Tortas en el amistoso España-Canadá

Dos jugadores descalificados, Andrés Jiménez y Quique Andreu, una falta técnica a otro, Villacampa, y una monumental tangana fue el bagaje del primer partido amistoso de España en Canadá, en el que la selección española salió derrotada por la arifitriona del próximo Mundial -92-81- El encuentro de preparación para el Campeonato del Mundo se disputó en Hamilton ante 2.800 espectadores.La dureza de los canadienses y la pasividad arbitral, en algunos momentos, estuvieron a punto de transformar un encuentro amistoso en un altercado de con secuencias imprevisbles.

Un puñetazo de Spencer- McKay sobre Alberto Herreros, a cuatro minutos del final, produjo un enfretamiento entre los dos equipos. Una vez que el puño de Mckay surcó el aire, los dos banquillos saltaron como un resorte y la pelea se generalizó en décimas de segundo con golpes para todos los gustos. El agresor corrió hacia el vestuario mientras Herreros caía herido con un corte en la lengua sin mayores consecuencias.

No fue la primera brusquedad del partido, ya se habían registrado varios conatos de pelea entre diferentes jugadores, pero el puñetazo de McKay fue la chispa que desató la tensión acumulada durante todo el encuentro.

Después del altercado, los árbitros decretaron la expulsión de Andreu y Jiménez y, sólo tras unos momentos de duda, decidieron aplicar la misma sanción a McKay.

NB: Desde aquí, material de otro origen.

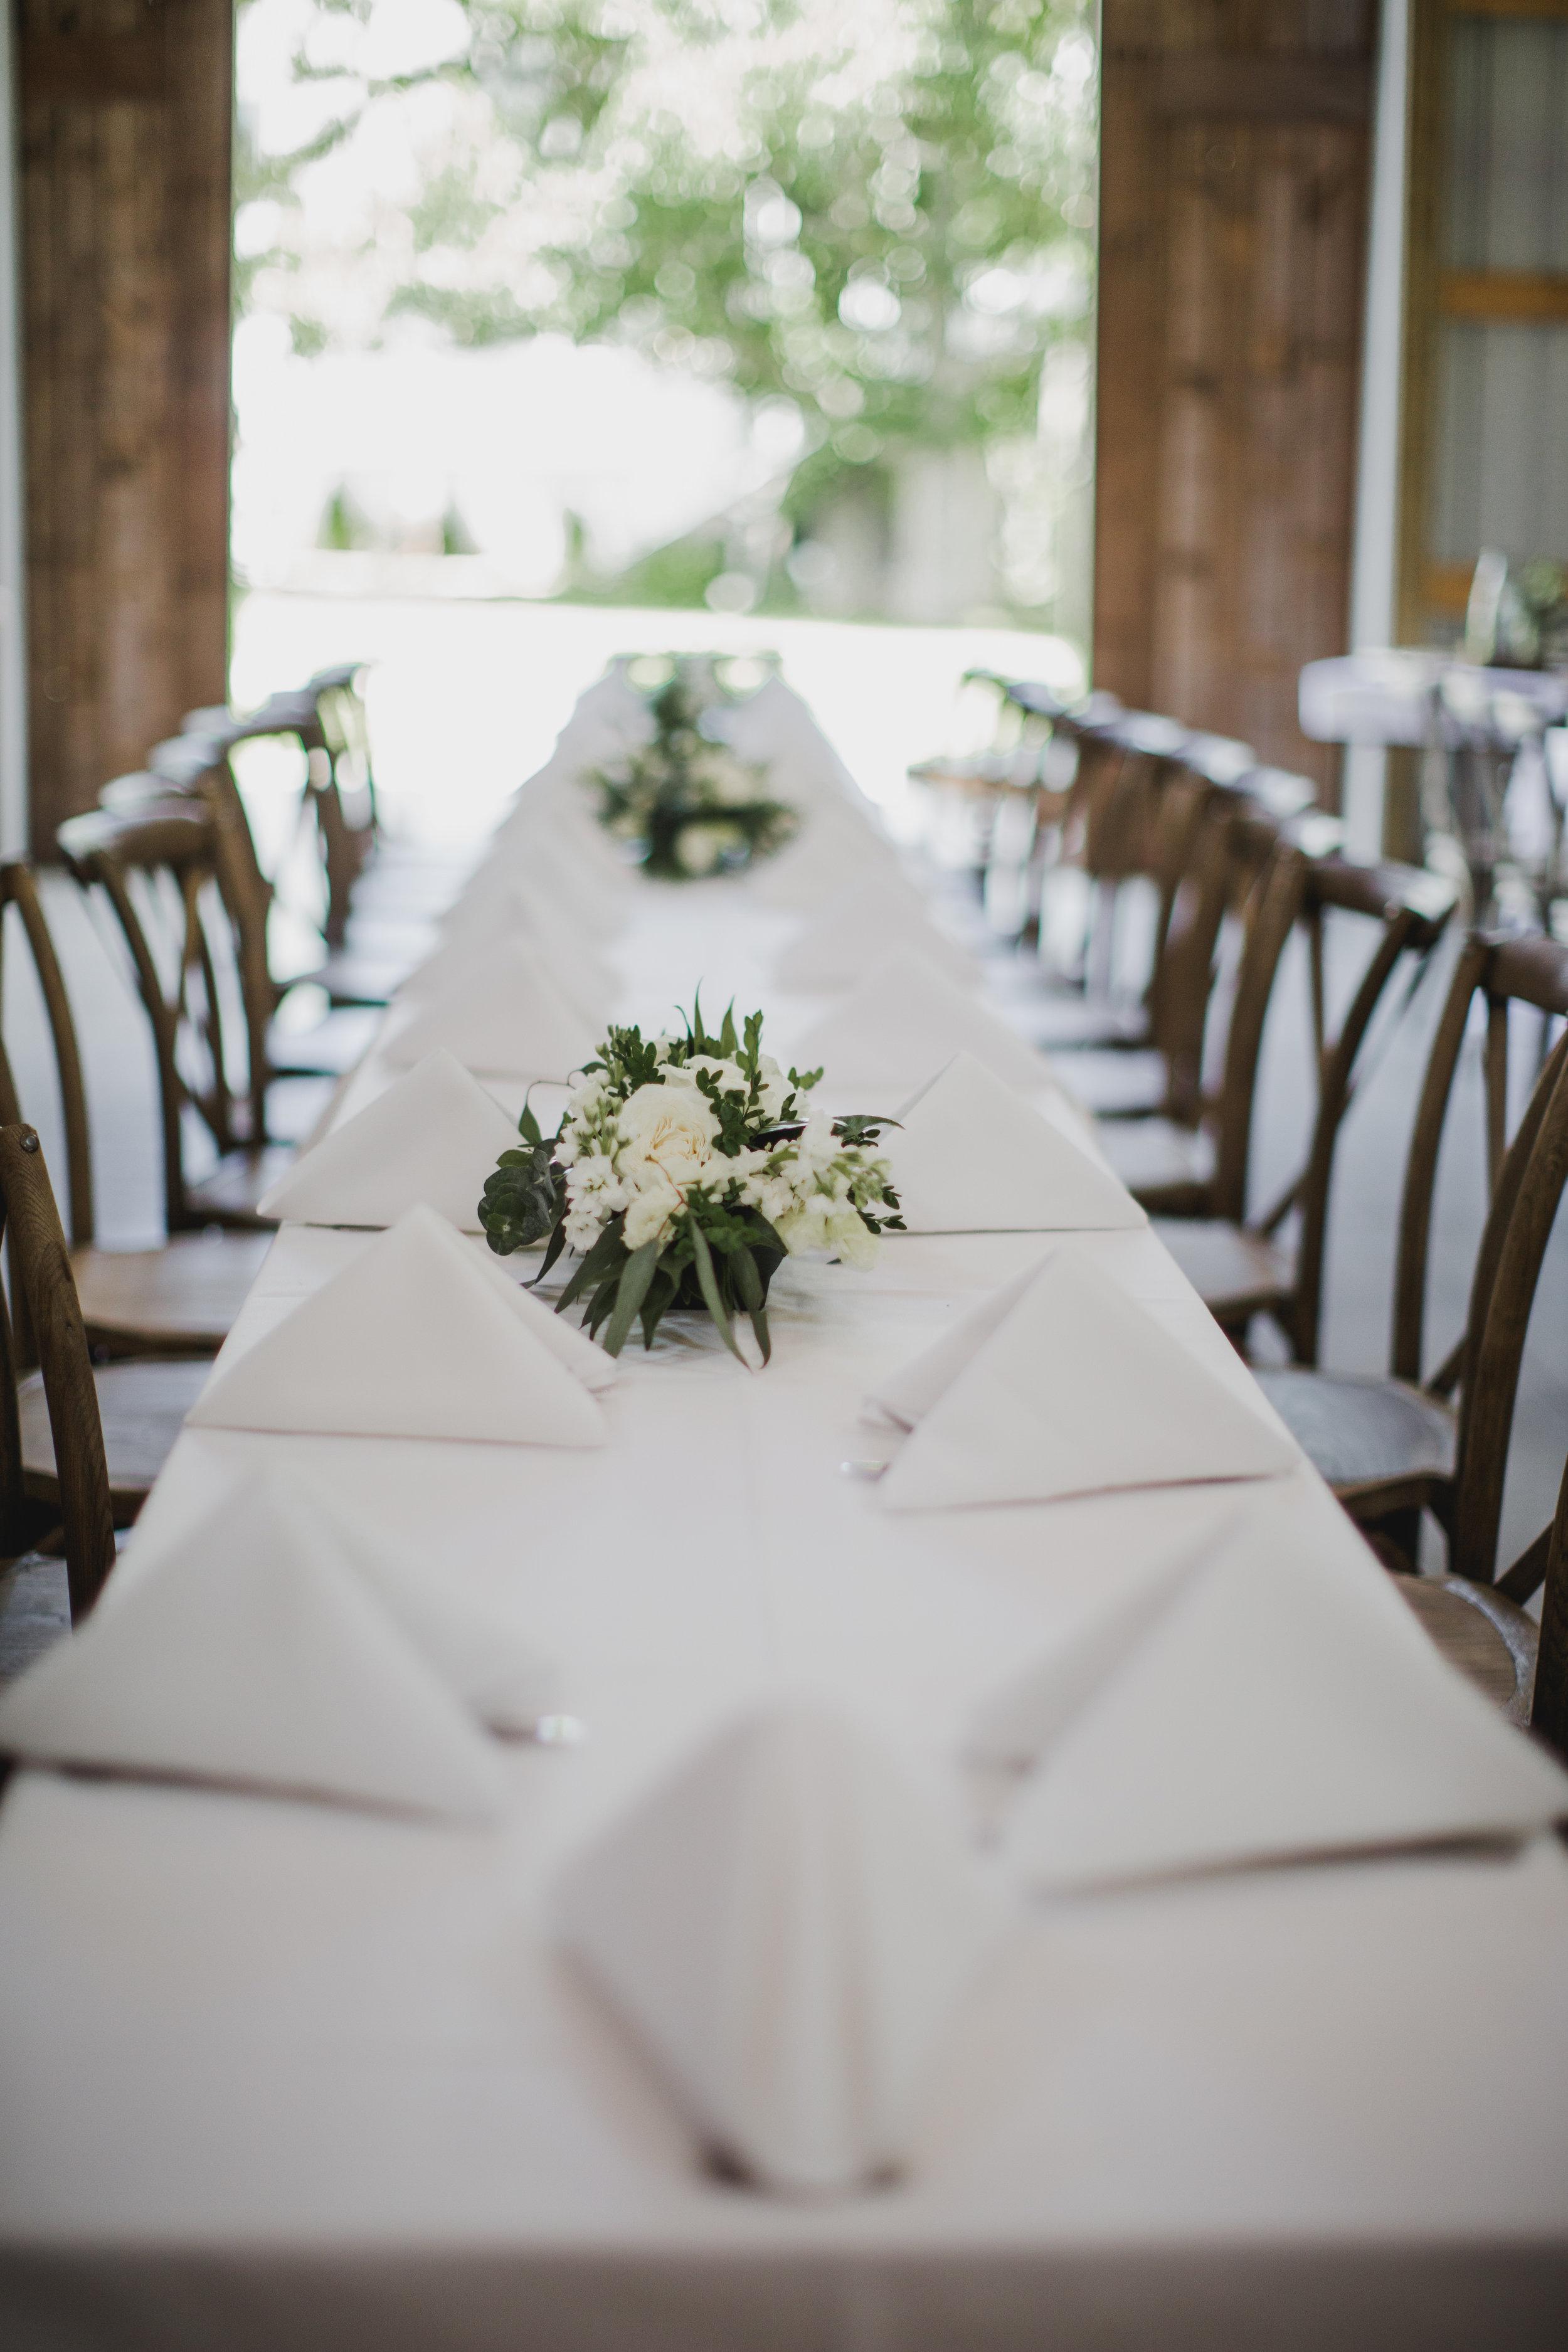 Sibyl_Sophia_Wedding_Florist_Mason_City_Diamond_Oaks_Tables.jpg.jpg

El partido llegó en ese momento al punto que todos habían presagiado tras las primeras acciones, después de que Mike Smerk lanzara un codazo a Orenga que no llegó a impactar en el rostro del jugador. Se llegó incluso a pensar que el equipo español podía abandonar la pista. En este sentido, las palabras de Pedro Antonio Martín, vicepresidente de la Federación Española de Baloncesto, fueron bastante aclaratorias: "Nunca pensamos en la retirada a pesar de lo que estábamos viendo, aunque en algún momento se hizo algún gesto que pudiera indicar lo contrario".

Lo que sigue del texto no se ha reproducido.